# Help with alloy wheel cleaners



## eyeoftheworld (Dec 13, 2010)

I've tried out many products such as AG clean wheels/custom wheels, Megs all wheel cleaner, Nanolex, gtechniq iron out remover. Not been satisfied with them because apart from AG clean wheels or custom wheel cleaner they only seem to remove iron deposits. This leaves a lot of other muck and road grime attached to the wheels which needs brush agitation. No point agitating the purple/red iron out removers as all i would be doing is pushing around abrasive material which has been suspended by the red/purple colored dye?

I'm after a non acidic PH neutral wheel cleaner which is good for wheels which are not sealed with waxes or other protective ceramic coatings. I also would not be removing the wheels off my car when cleaning.

any suggestions please?


----------



## WHIZZER (Oct 25, 2005)

Valet pro Bilberry is a good choice 
If not what about a strong wash solution in a spray bottle , could use a citrus pre wash


----------



## MBRuss (Apr 29, 2011)

Do you have a pressure washer?

I find that spraying the wheels down with Korrosol and jet washing them gets the vast majority of the muck off, even if I haven't washed the car for a month.

That said, I've just bought some Bilt Hamber Auto Wheel to try. It's always very well reviewed and contains their iron remover (Korrosol) plus some other cleaning agents to get rid of other wheel muck.

Give that a try.

However, anything you put on the wheel is just going to "release" it from the wheel and not physically brush it off for you. So if you don't have a pressure washer you're probably always going to need to do some wiping/brushing.

Only other thing you could do if you don't have a PW is spray the iron remover, then snow foam the wheel with a pump sprayer type thing, so the foam helps move the iron off.

You'll always need to use a mitt or brush on the wheel eventually though. Chemicals alone will never remove everything.

Sent from my LYA-L09 using Tapatalk


----------



## MickCTR (Mar 4, 2006)

Bilt Hamber Auto Wheel would get my vote for your purposes but it will still need some agitation. It’s not a cheap way to clean wheels though, as mentioned above i’d Use the iron remover occasionally and then a citrus degreaser or bilberry (or similar) as maintainence. I also find Gyeon Wet Coat useful as a top up protectant for wheels.


----------



## Brad-ST (Nov 17, 2013)

I think you would need to agitate any wheel cleaner.
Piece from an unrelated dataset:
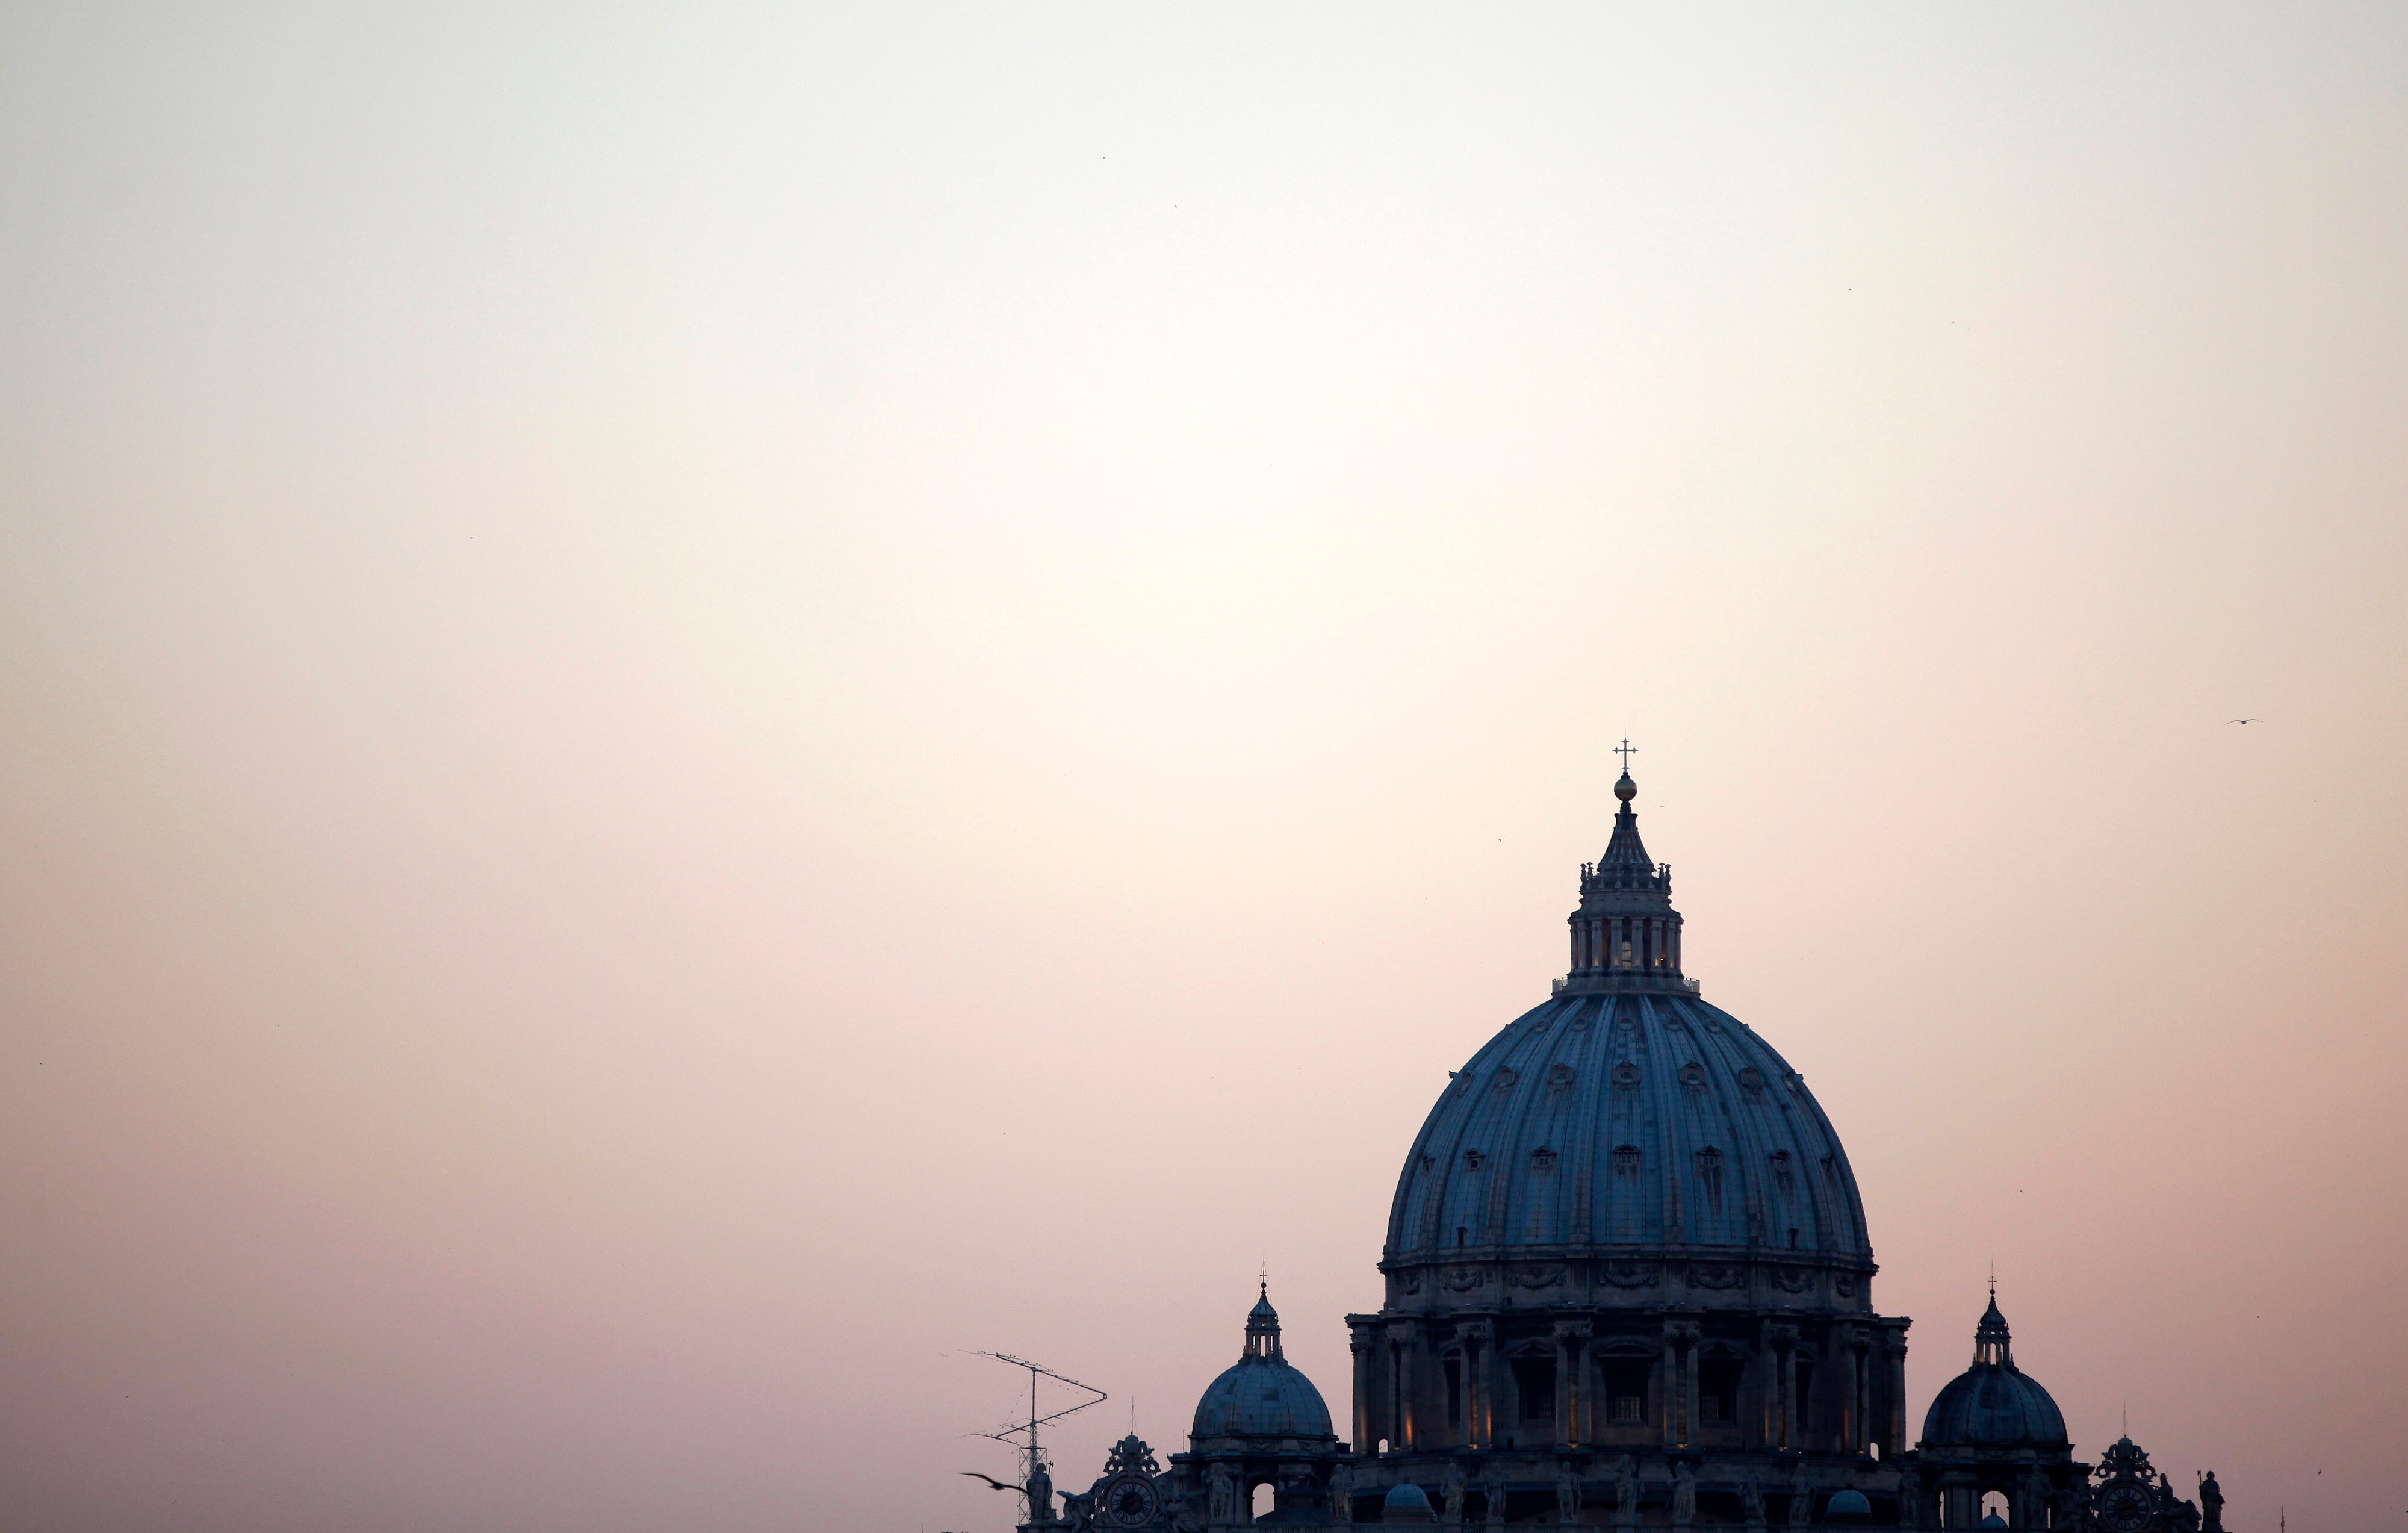 How effective was Cardinal Pell's work in Vatican finances?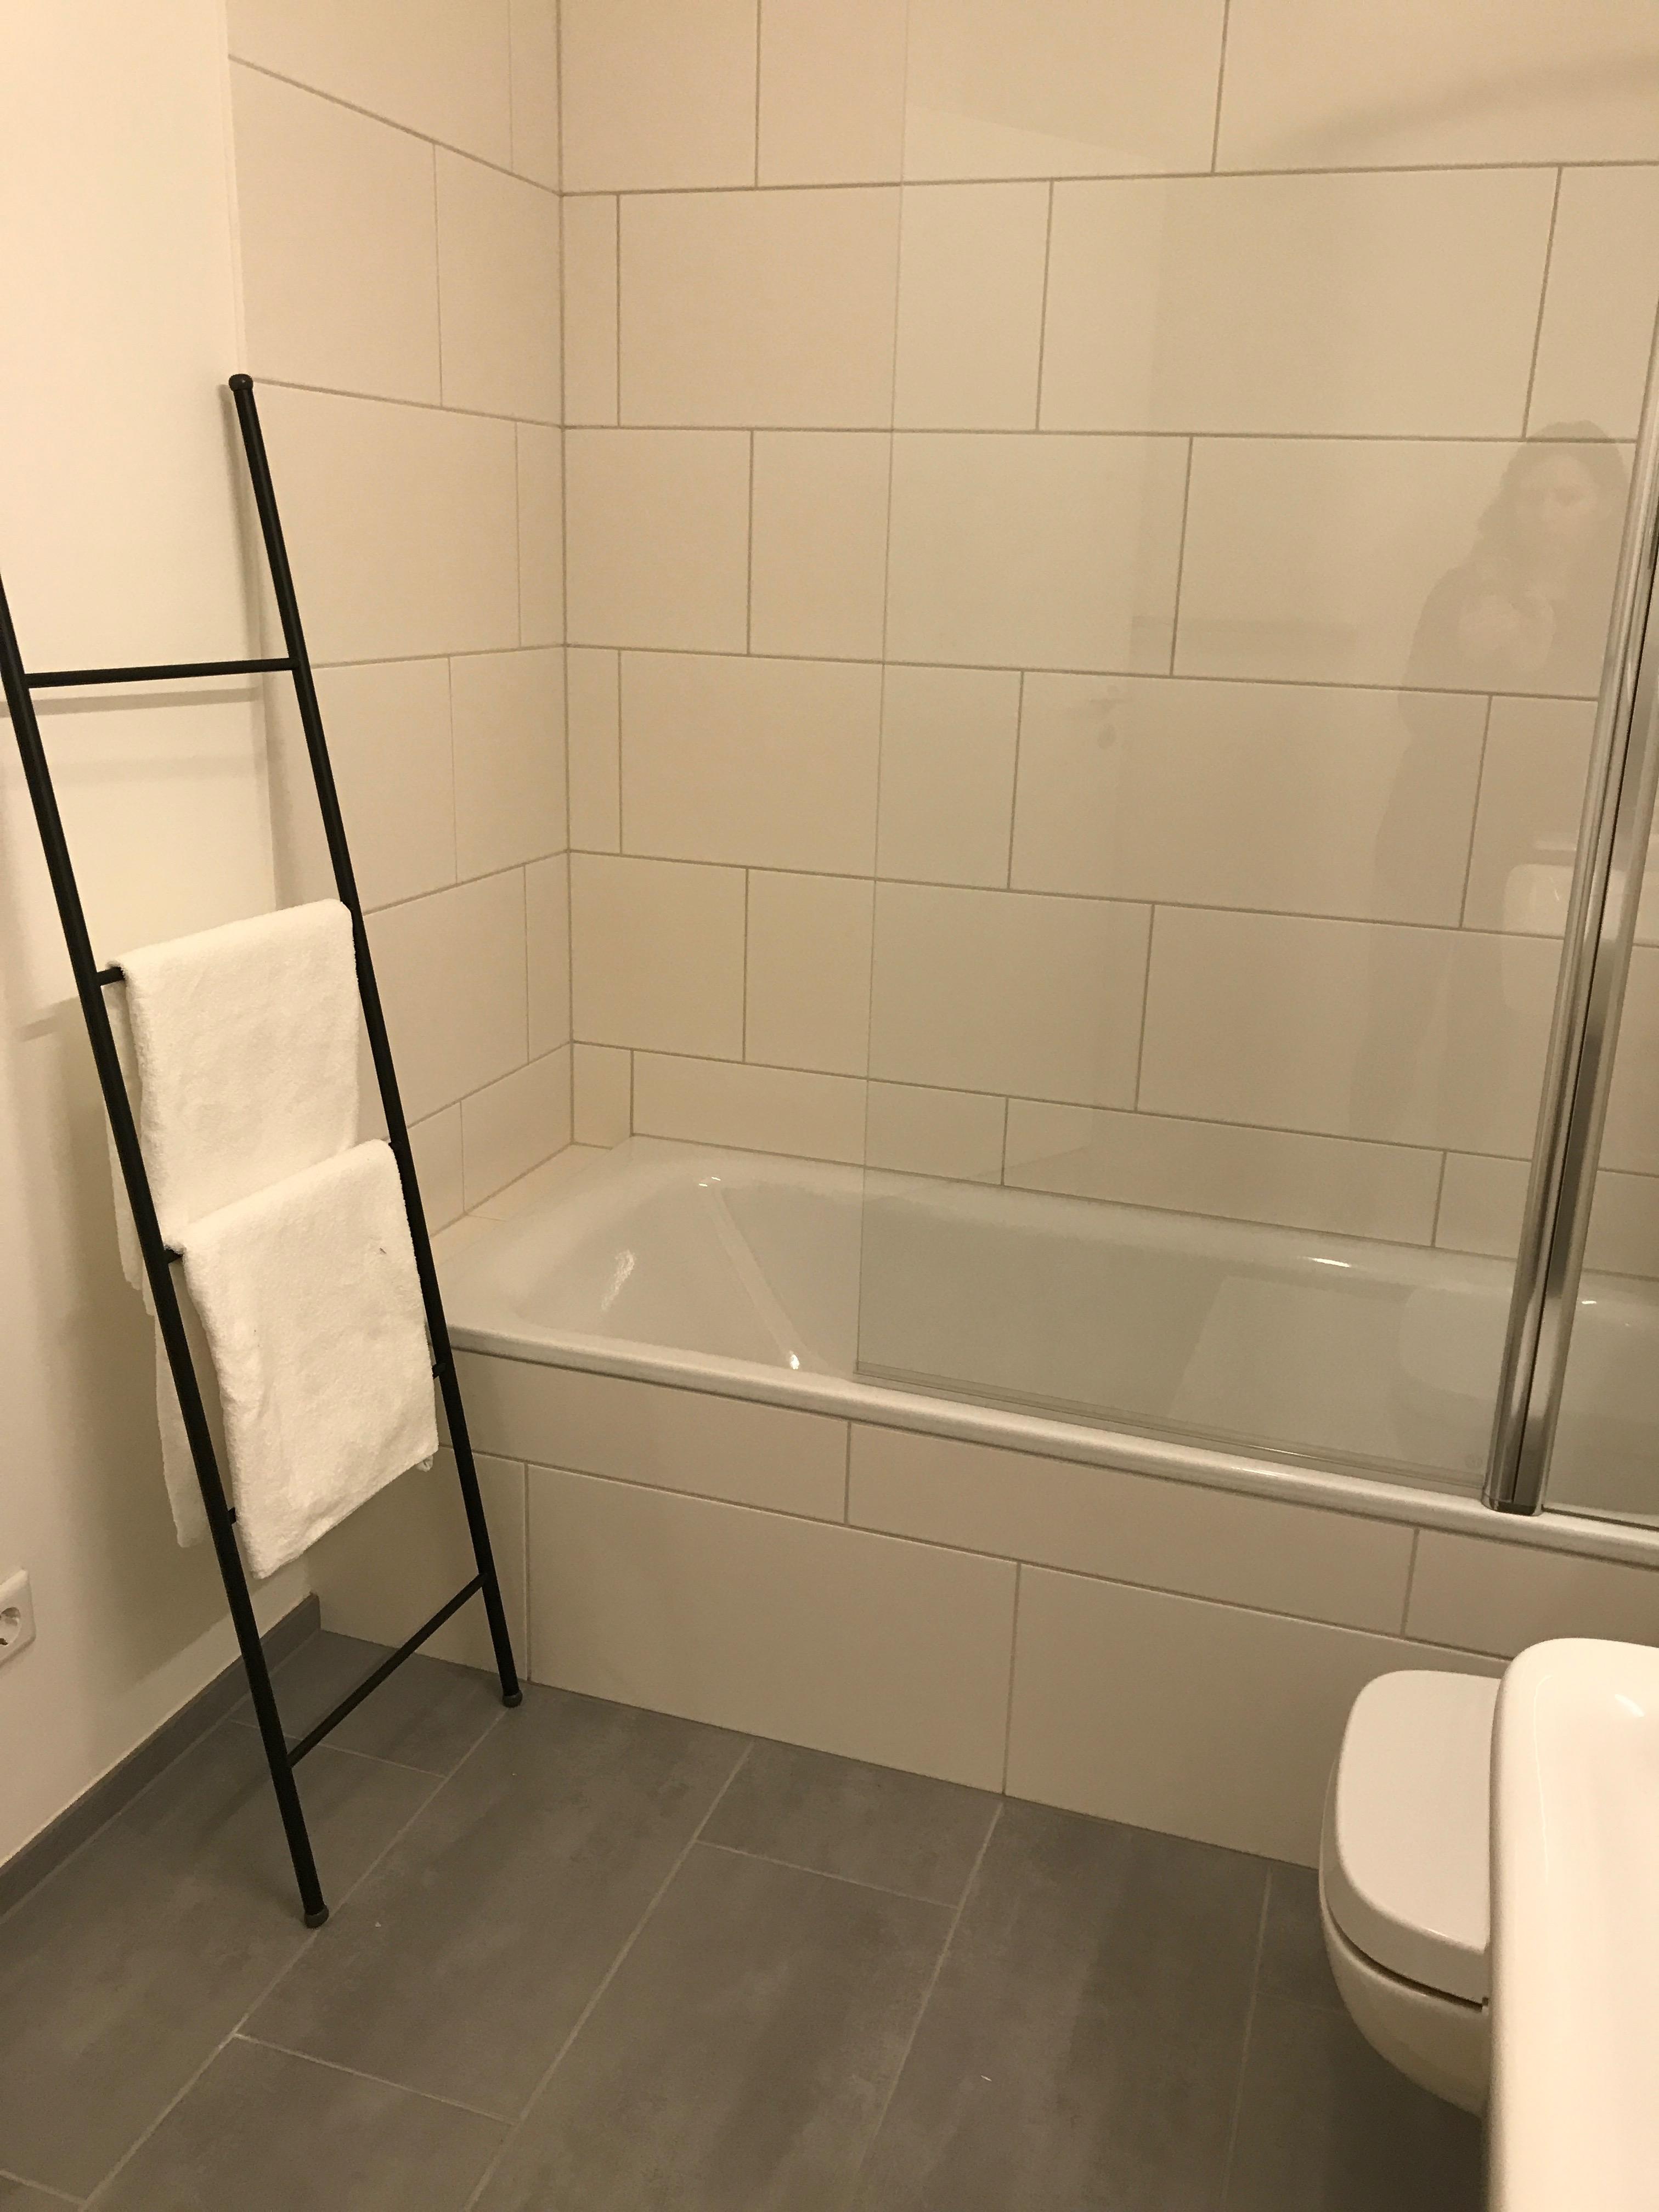 Badezimmer mit Wanne alles Weiß #badewanne #badezimmer ©Miracle Room

My current routine is pre wash wheel with ODK Breakdown, jet wash off to get rid of most dirt, spray ODK Rotate diluted at about 10-15:1, agitate, rinse and I get a good finish. I usually use an iron remover every 5 washes or whenever needed & my wheels aren’t sealed either.


----------



## Andy from Sandy (May 6, 2011)

If you were to put a coat of FK1000P on your wheels you wouldn't need to use anything except soap and water for a few months.

Change that to a coating and you could go around a year.

I used to use bilberry but not any more. In fact I have an un-opened gallon bottle here going spare.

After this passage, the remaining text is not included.